Por Jorge Luis Borges
Razonar esta convicción de yrigoyenista es empresa fácil. Equivale a pensar ante los demás lo que ya ha pensado mi pecho. Yrigoyen es la continuidad argentina. Es el caballero porteño que supo de las vehemencias del alsinismo y de la patriada grande del Parque y que persiste en una casita (lugar que tiene clima de patria, hasta para los que no somos de él), pero es el que mejor se acuerda con profética y esperanzada memoria de nuestro porvenir. Es el caudillo que con autoridad de caudillo ha decretado la muerte inapelable de todo caudillismo; es el presente que, sin desmemoriarse del pasado y honrándose con él se hace porvenir.
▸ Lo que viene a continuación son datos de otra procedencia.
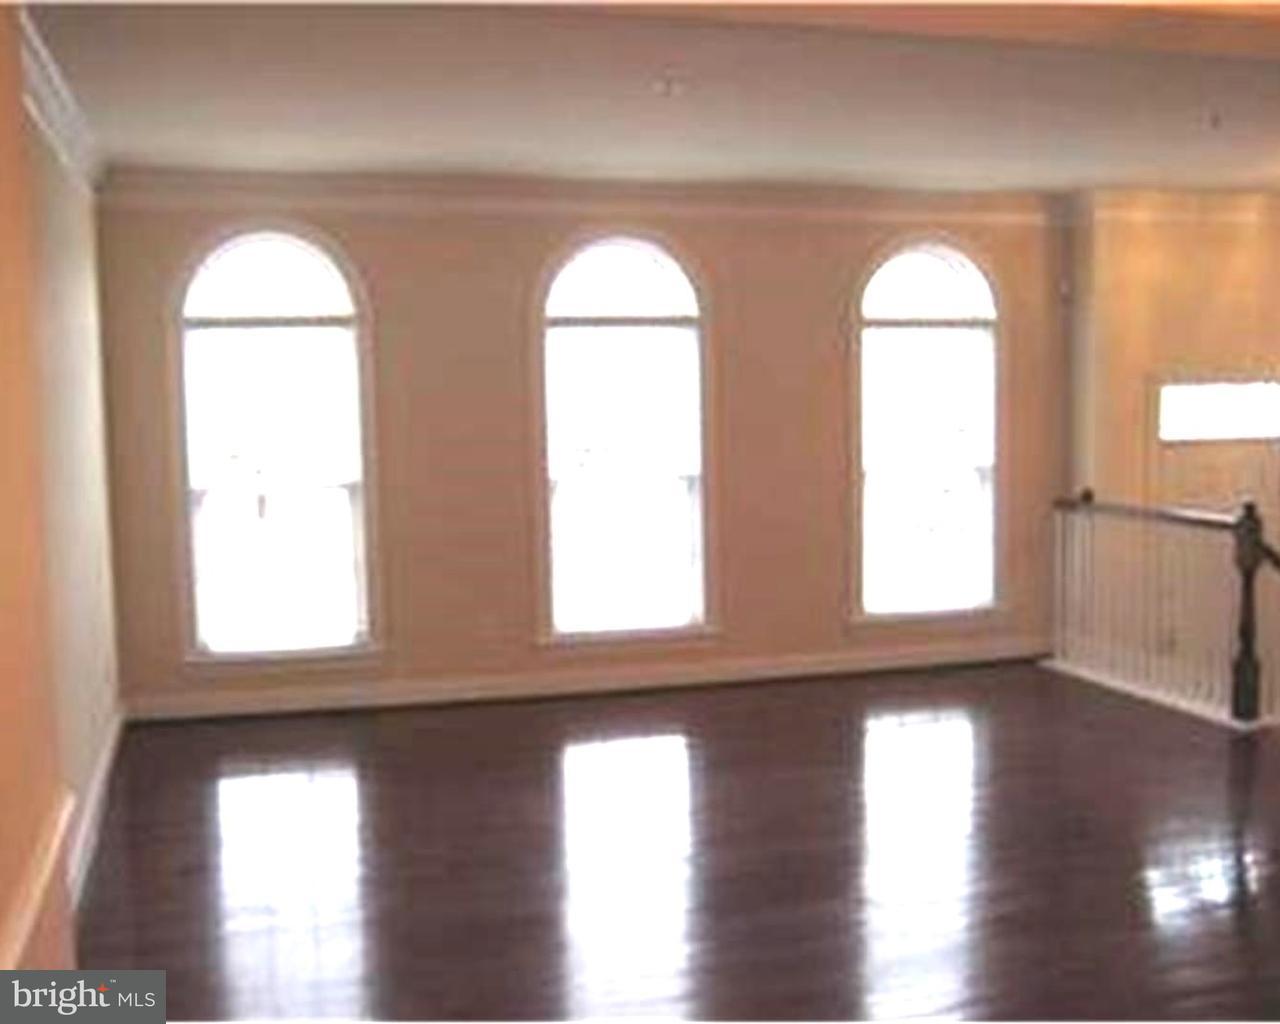 2490 N WHITTMORE ST, BUCKINGHAM - Listed at $2,600, BUCKINGHAM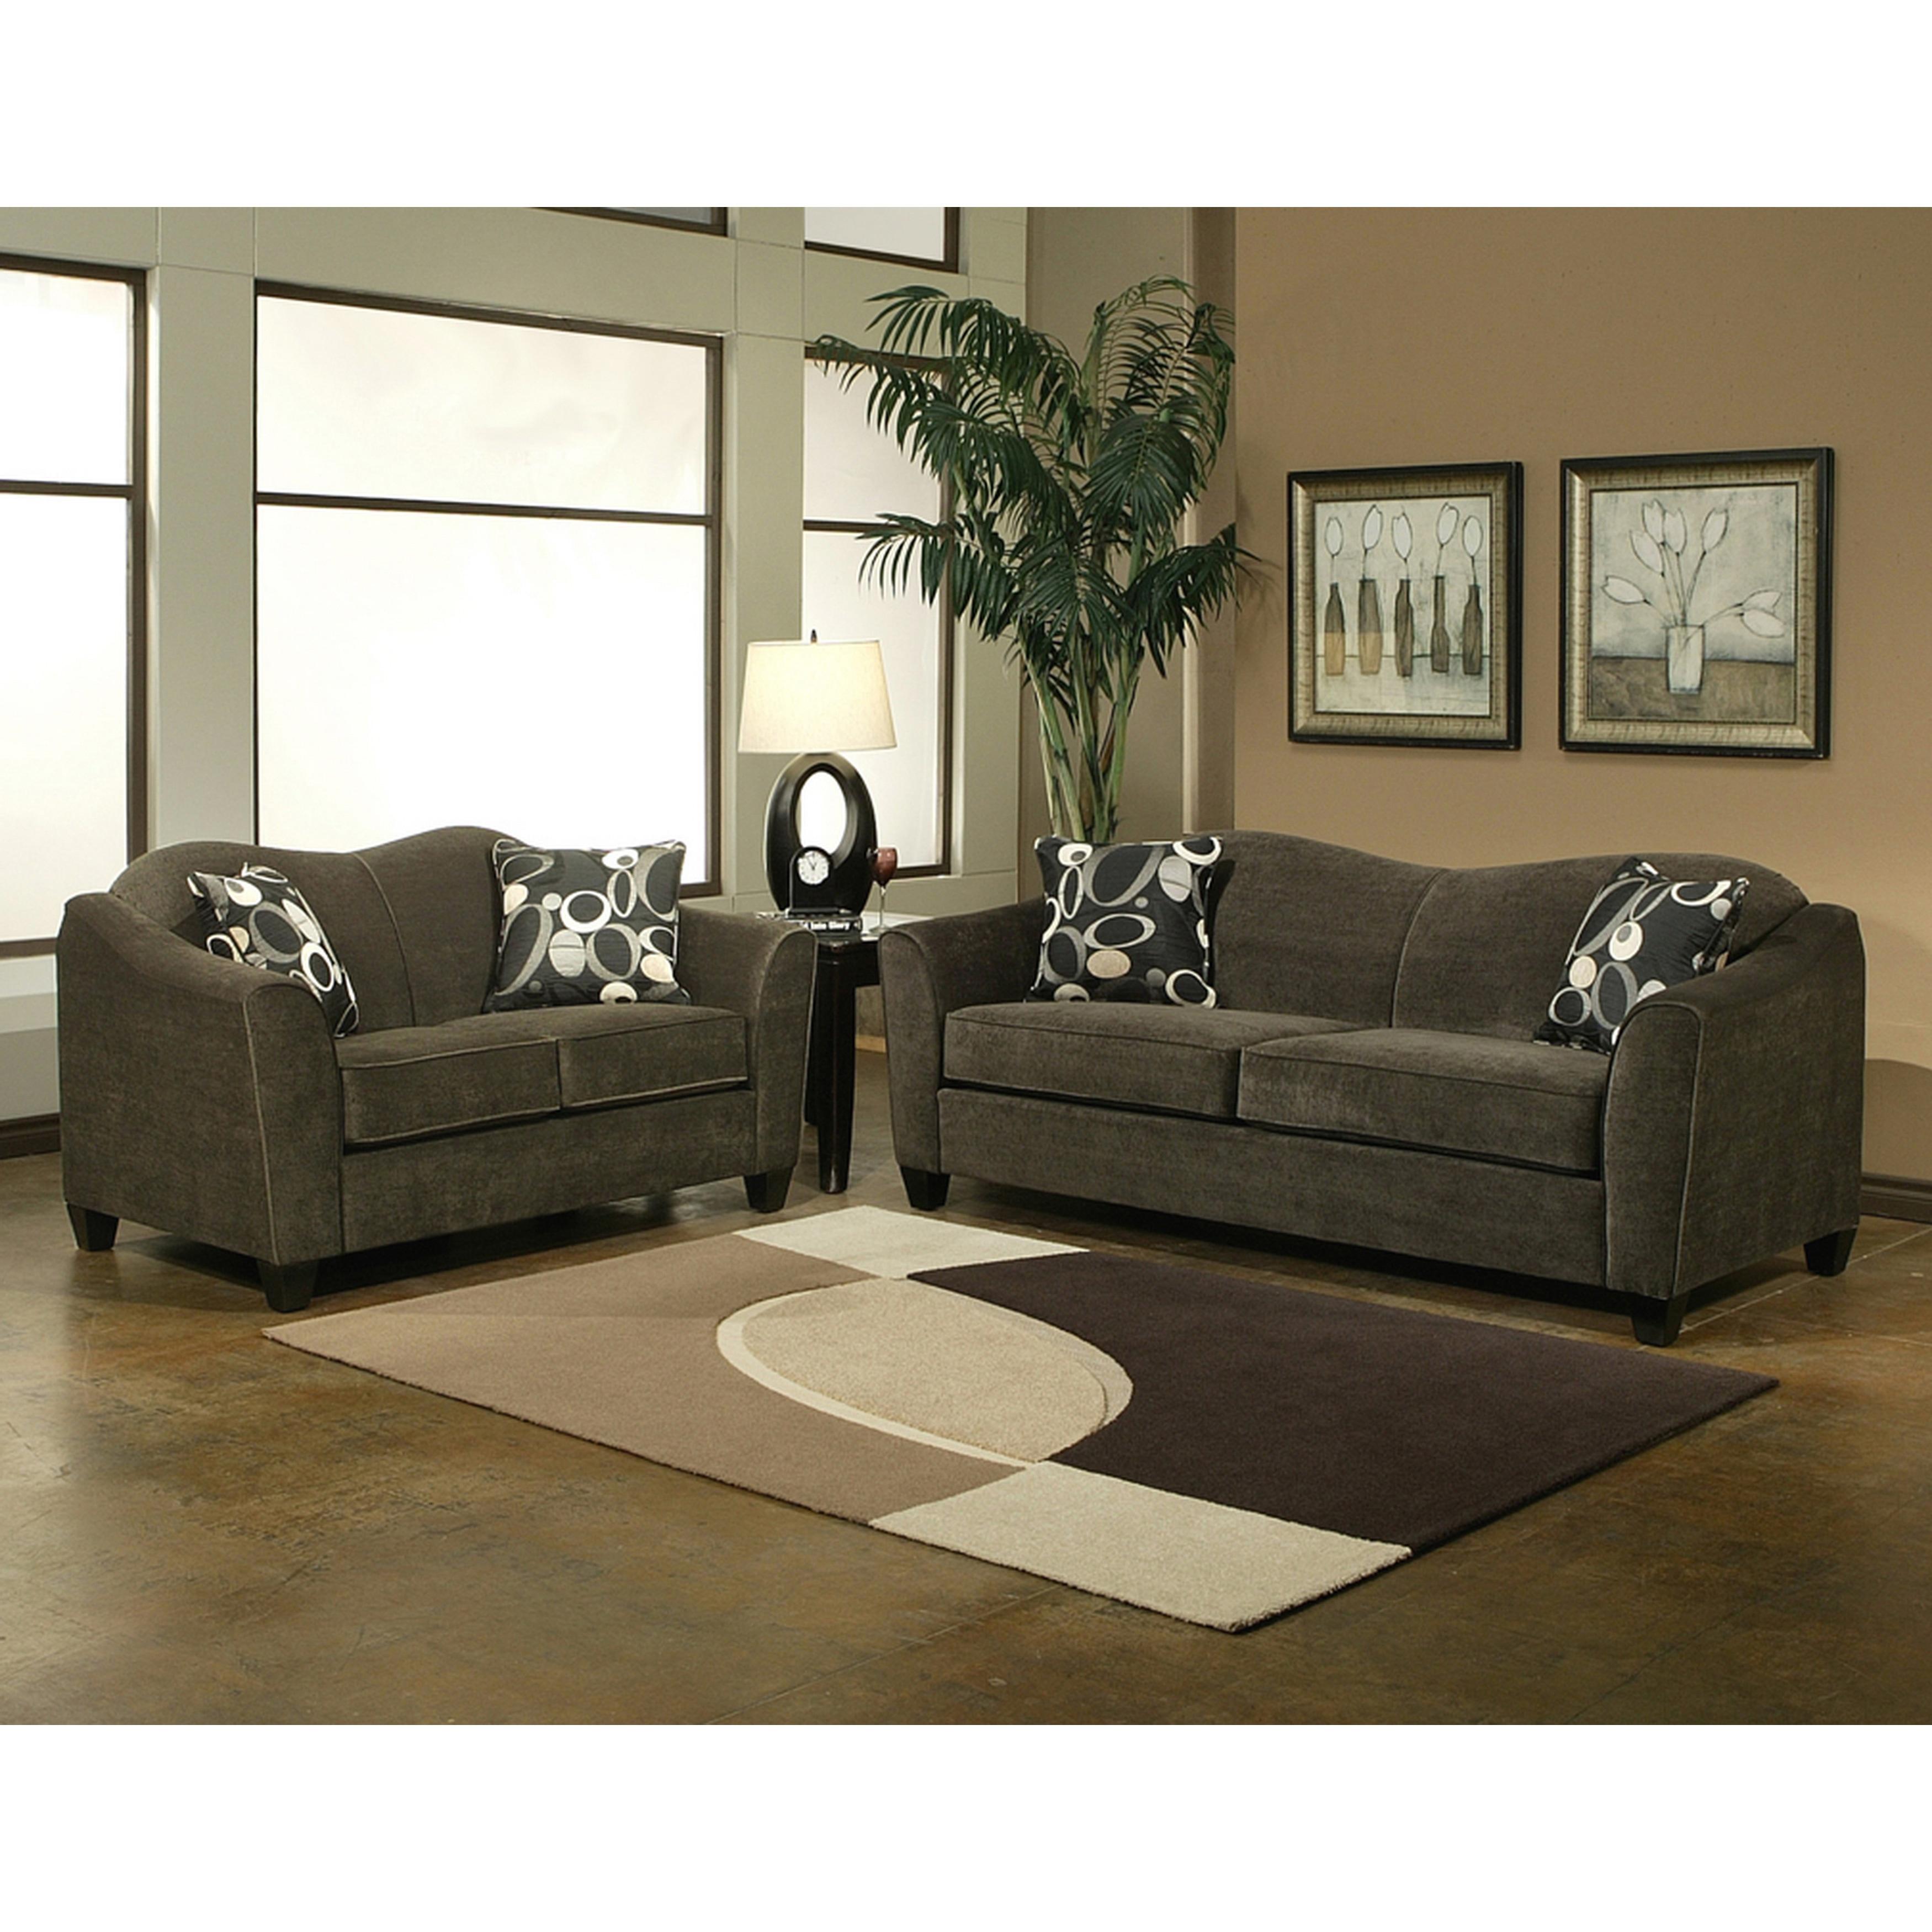 Piera Microsuede Sofa And Loveseat Set

Esa voluntad de heroísmo, esa vocación cívica de Yrigoyen, ha sido administrada (válganos aquí la palabra) por una conducta que es lícito calificar de genial. El fácil y hereditario descubrimiento de los políticos era éste: la publicidad, la garrulidad, la franqueza, provoca simpatía.
El de Yrigoyen es el reverso adivinatorio de aquel y es enunciable así: el recatado, el juramentado, el callado, es también simpático. Esa intuición ha bastado para salvarlo de las obligadas exhibiciones callejeras de la política.
Yrigoyen, nobilísimo conspirador del Bien, no ha precisado ofrecernos otro espectáculo que le de su apasionado vivir, dedicado con fidelidad celosa a la Patria.
Carta a Enrique y Raúl González Tuñon, Buenos Aires, marzo de 1928.